→ **WHAT TO PRODUCE**
Please set down the data word for word; images do not go in the copy.

→ **DATA BLOCK**
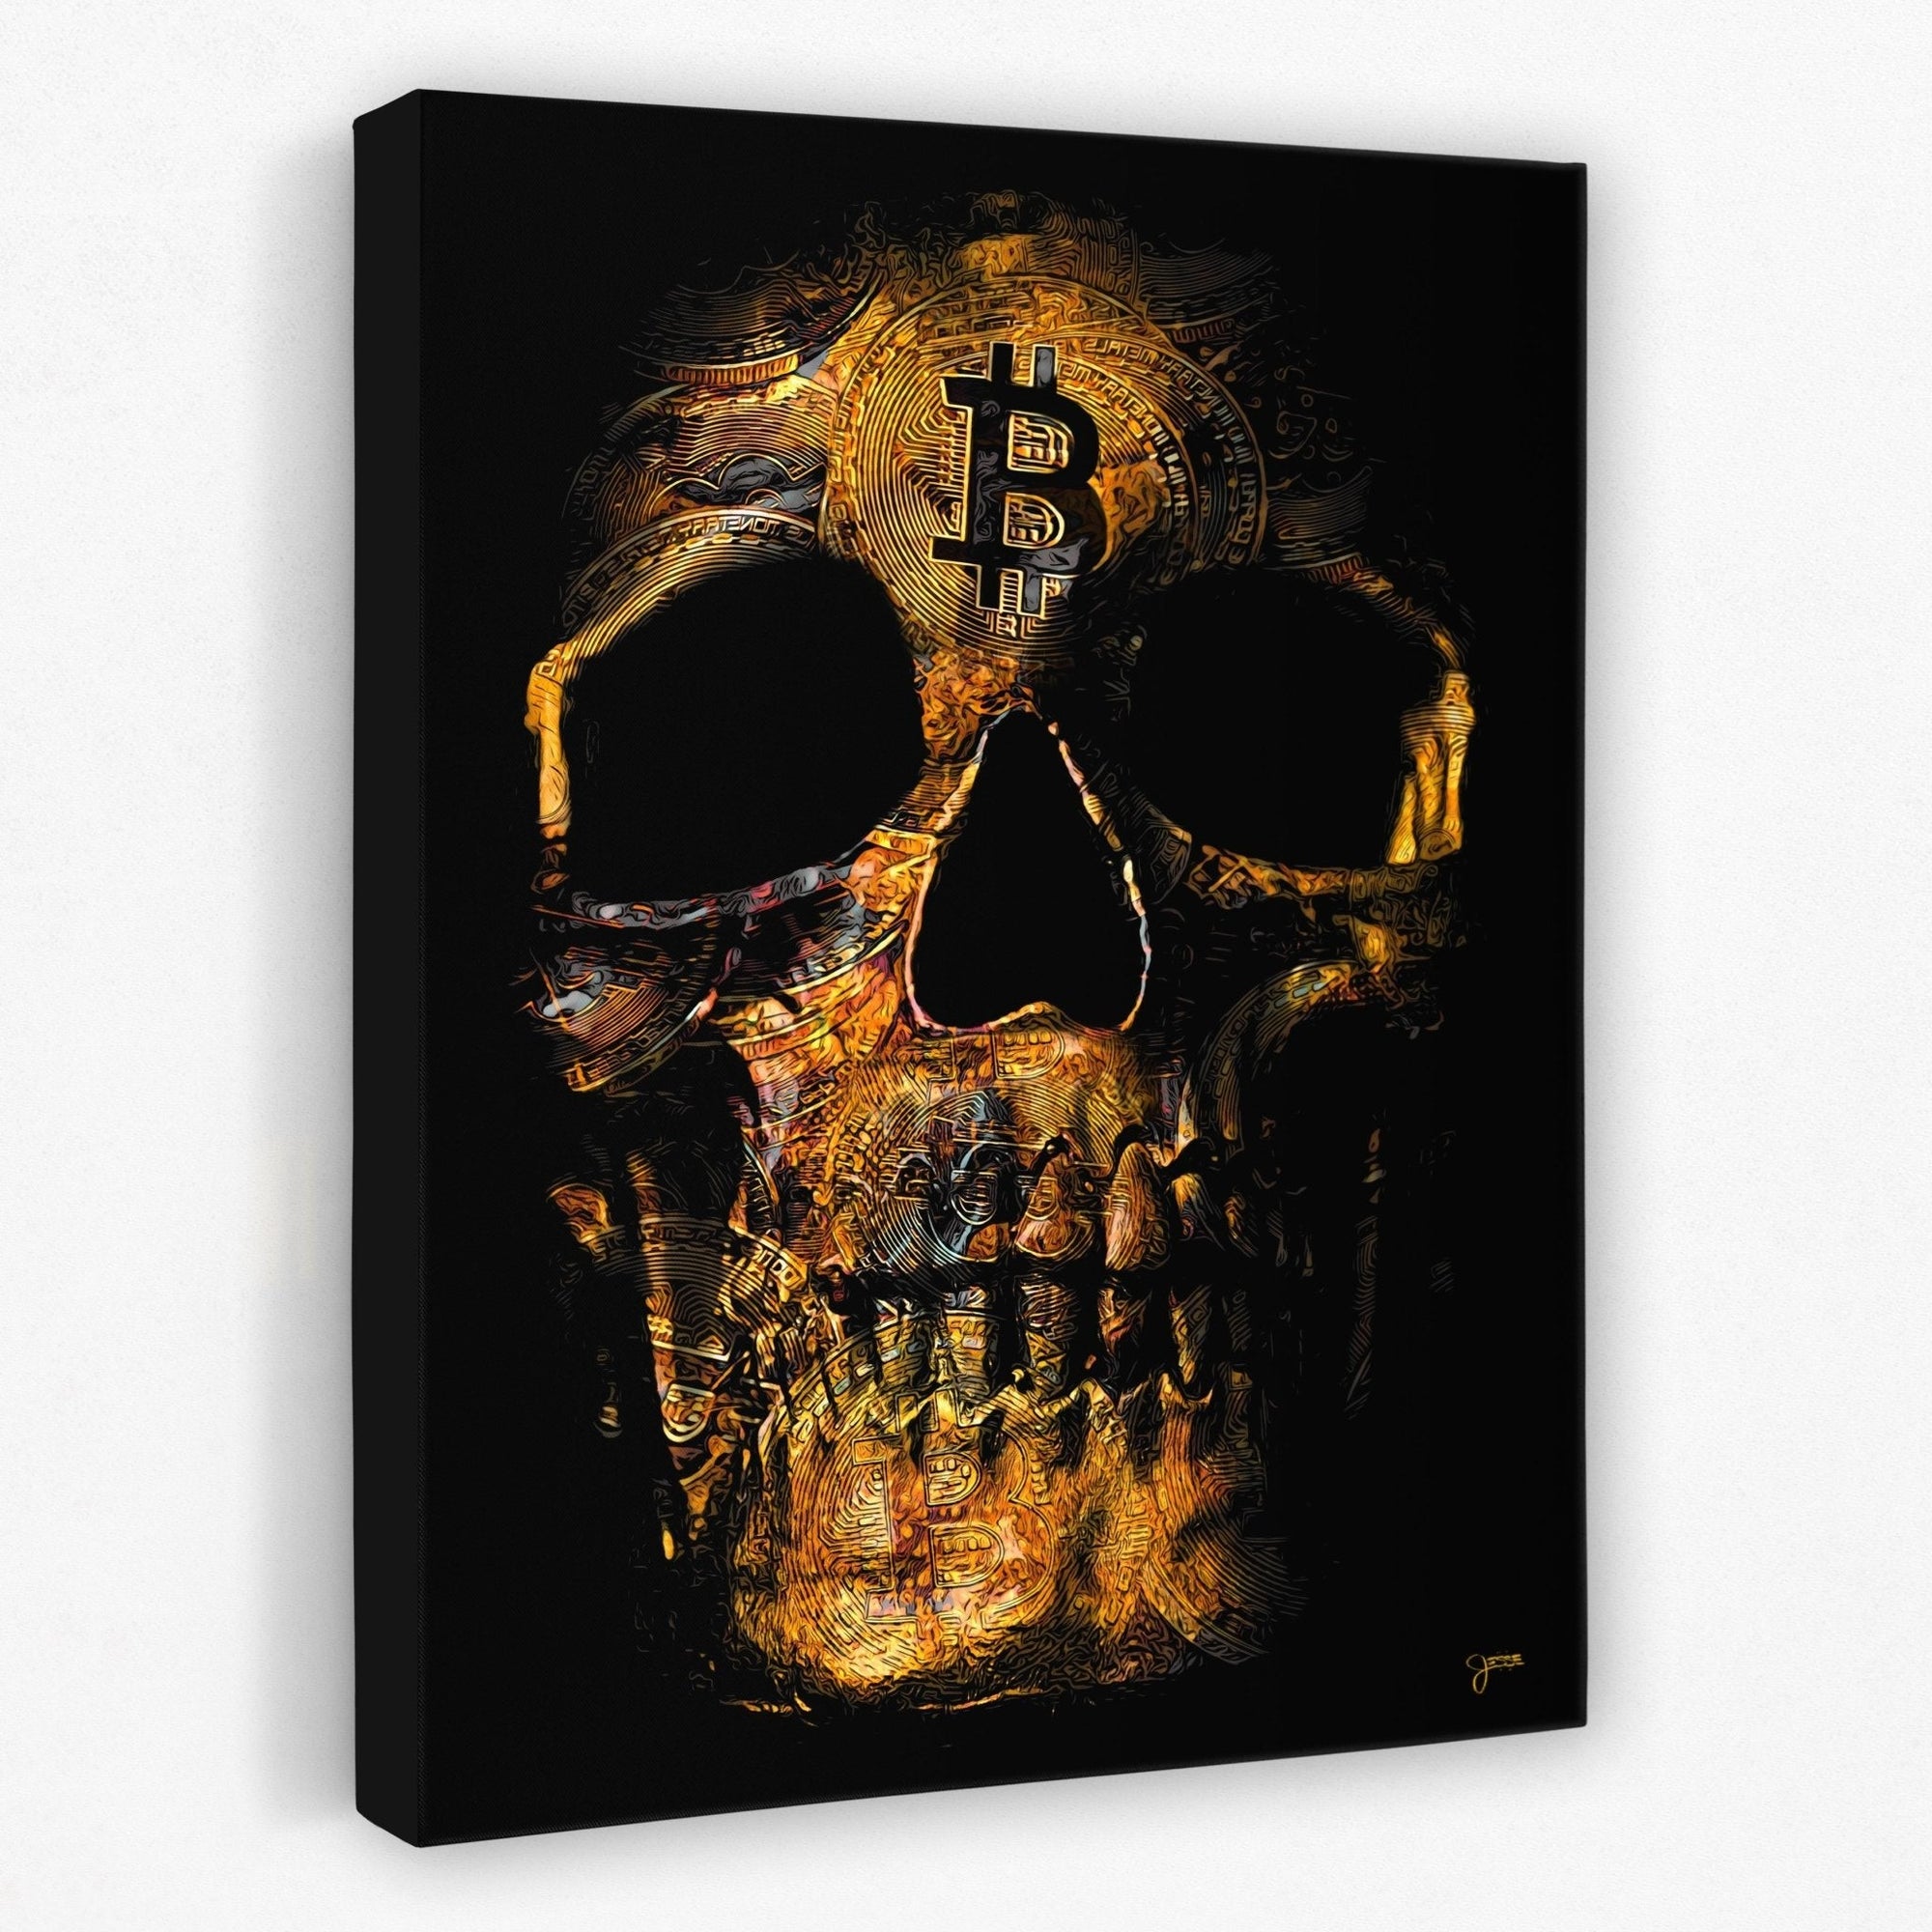 Bitcoin $kull - Thedopeart Canvas
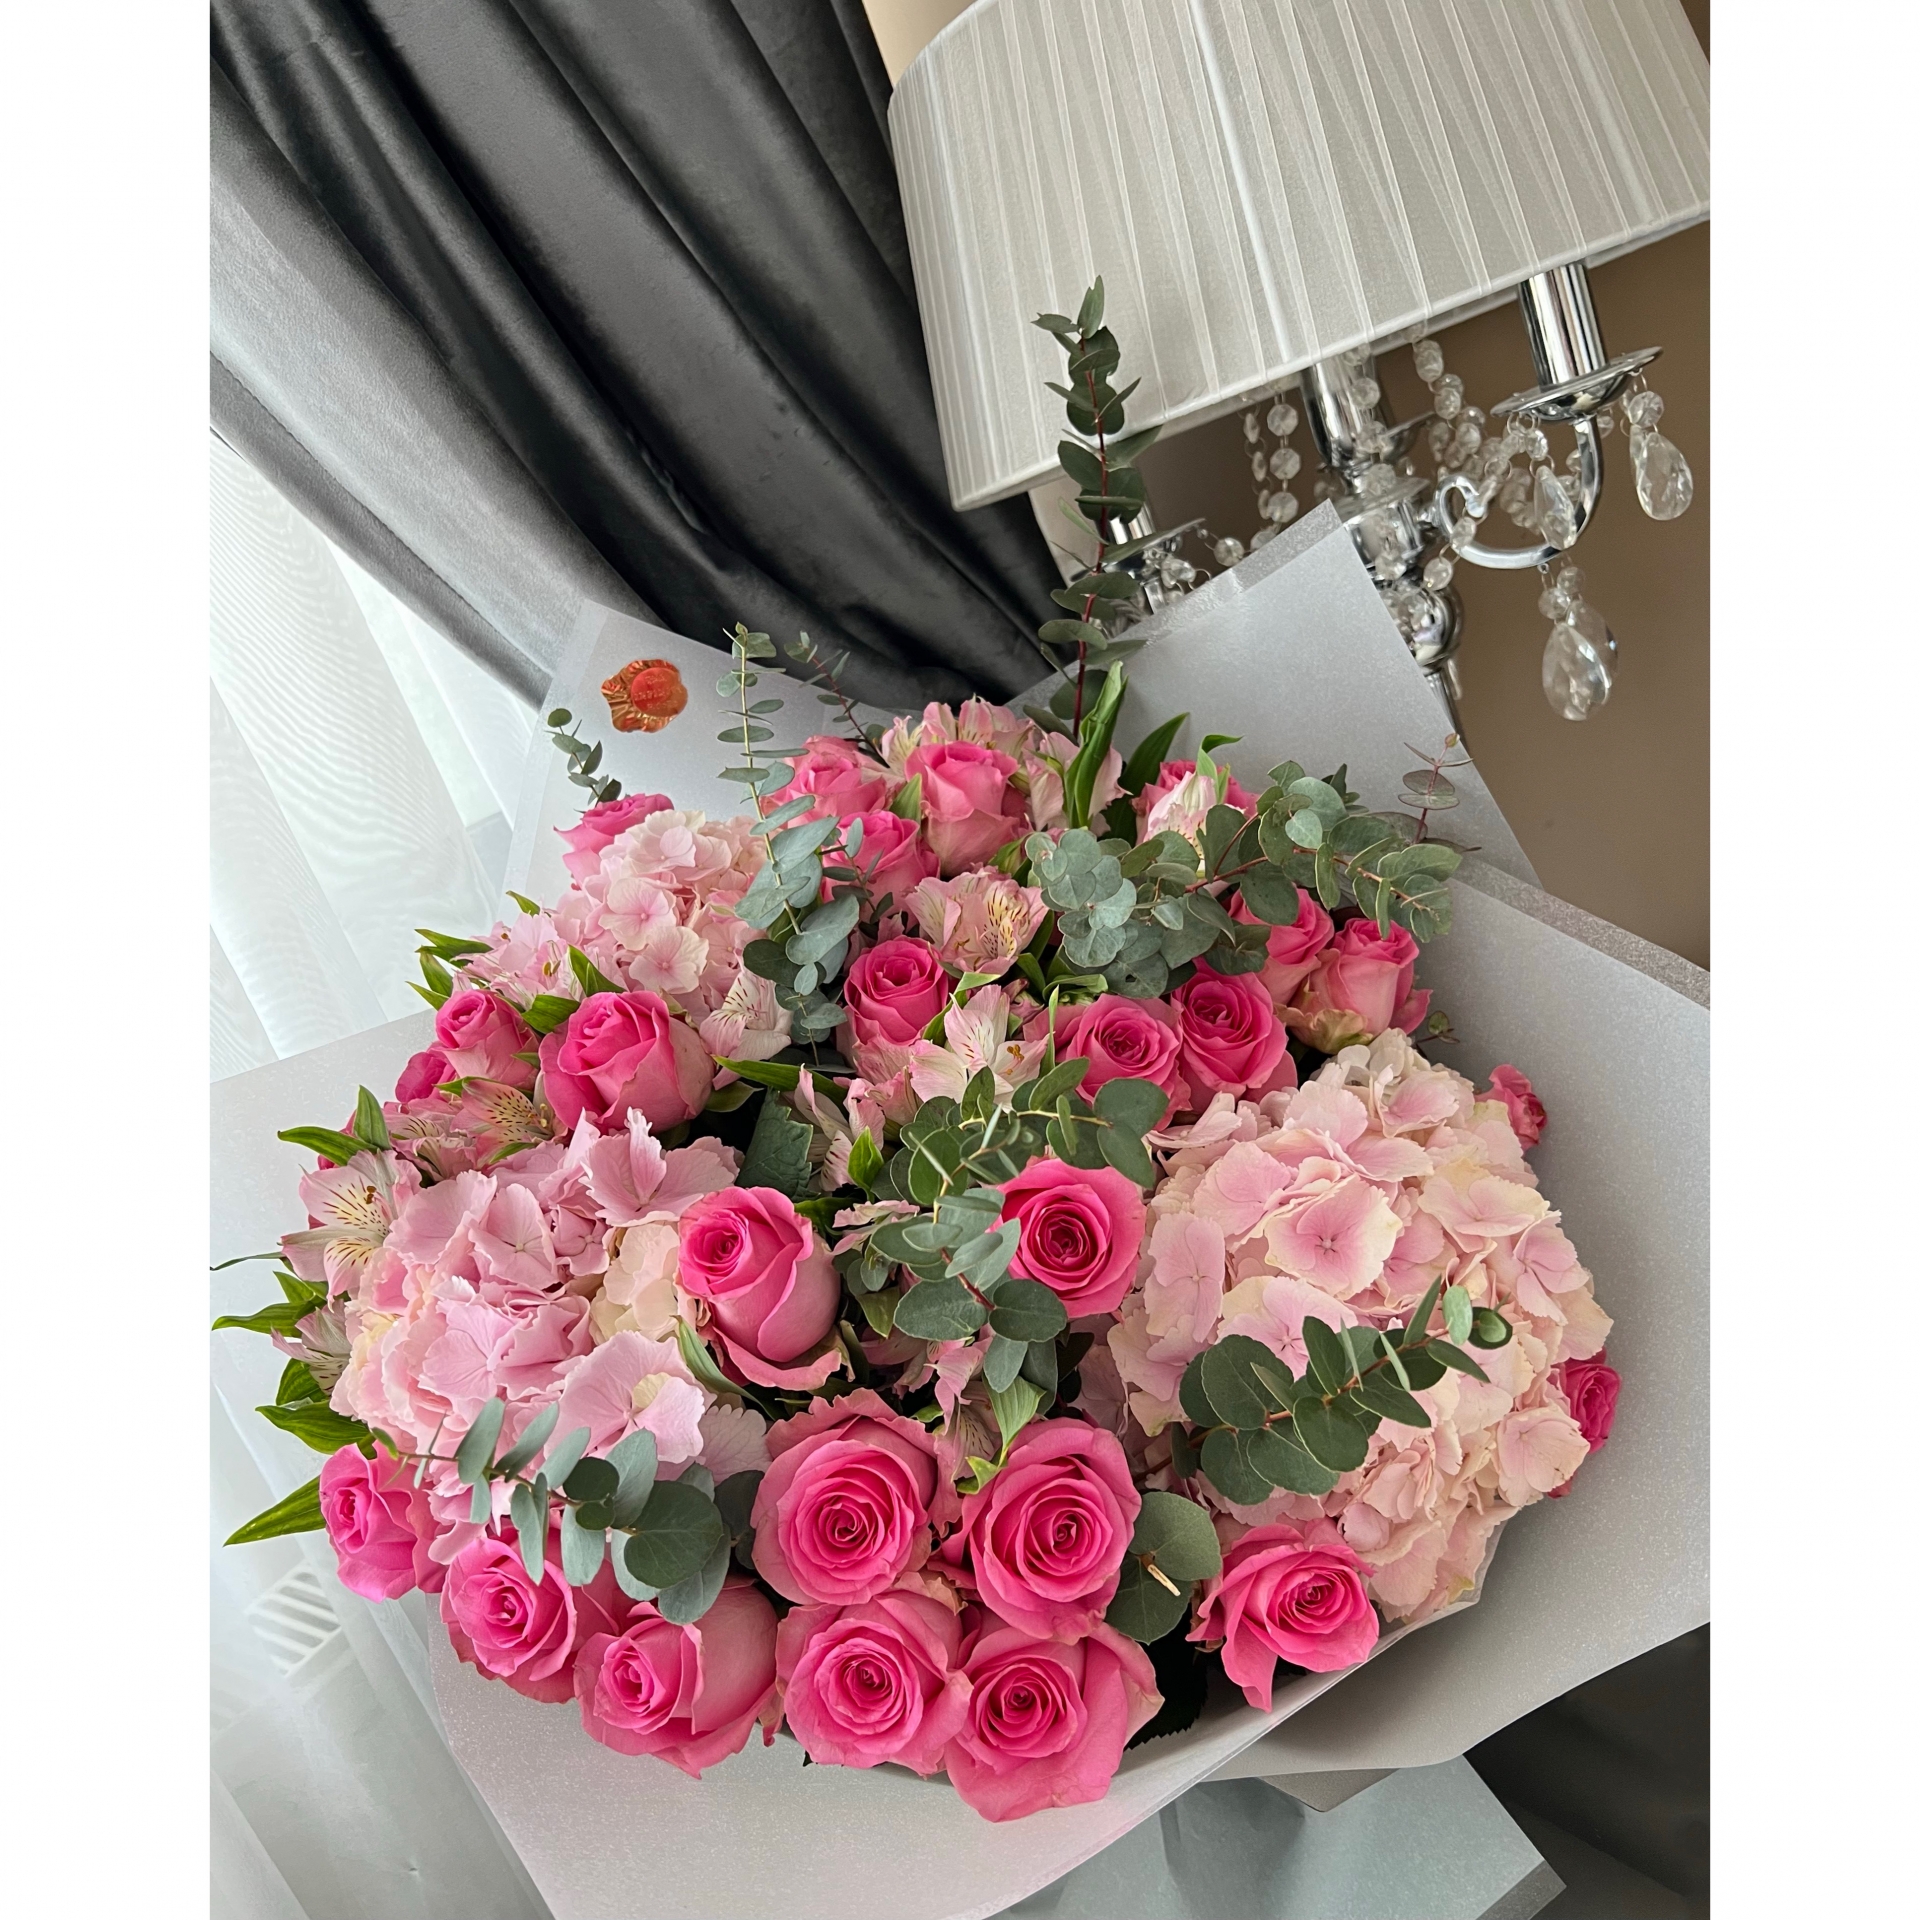 Buchet cu trandafiri roz naturali ,lisianthus roz ,hortensie, eucalipt 
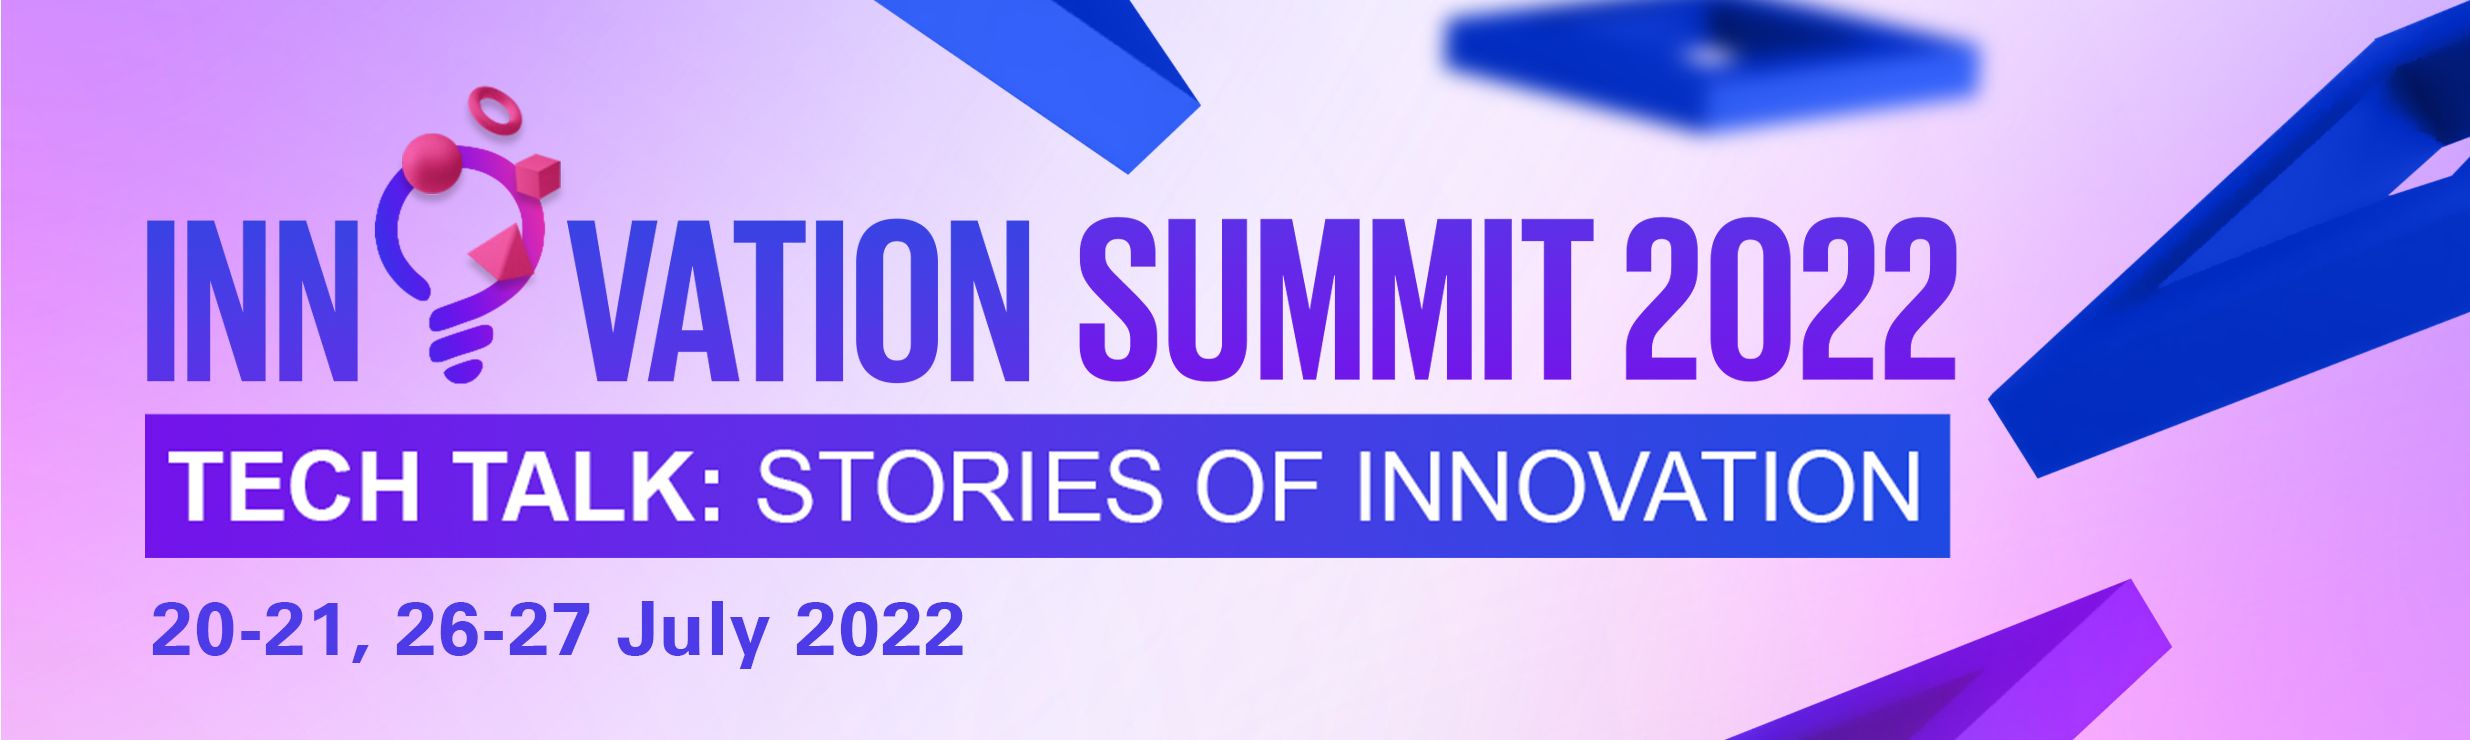 innovation summit 2022

→ **TASK RESULT**
 Bitcoin $kull - Thedopeart Canvas
 Buchet cu trandafiri roz naturali ,lisianthus roz ,hortensie, eucalipt 
 innovation summit 2022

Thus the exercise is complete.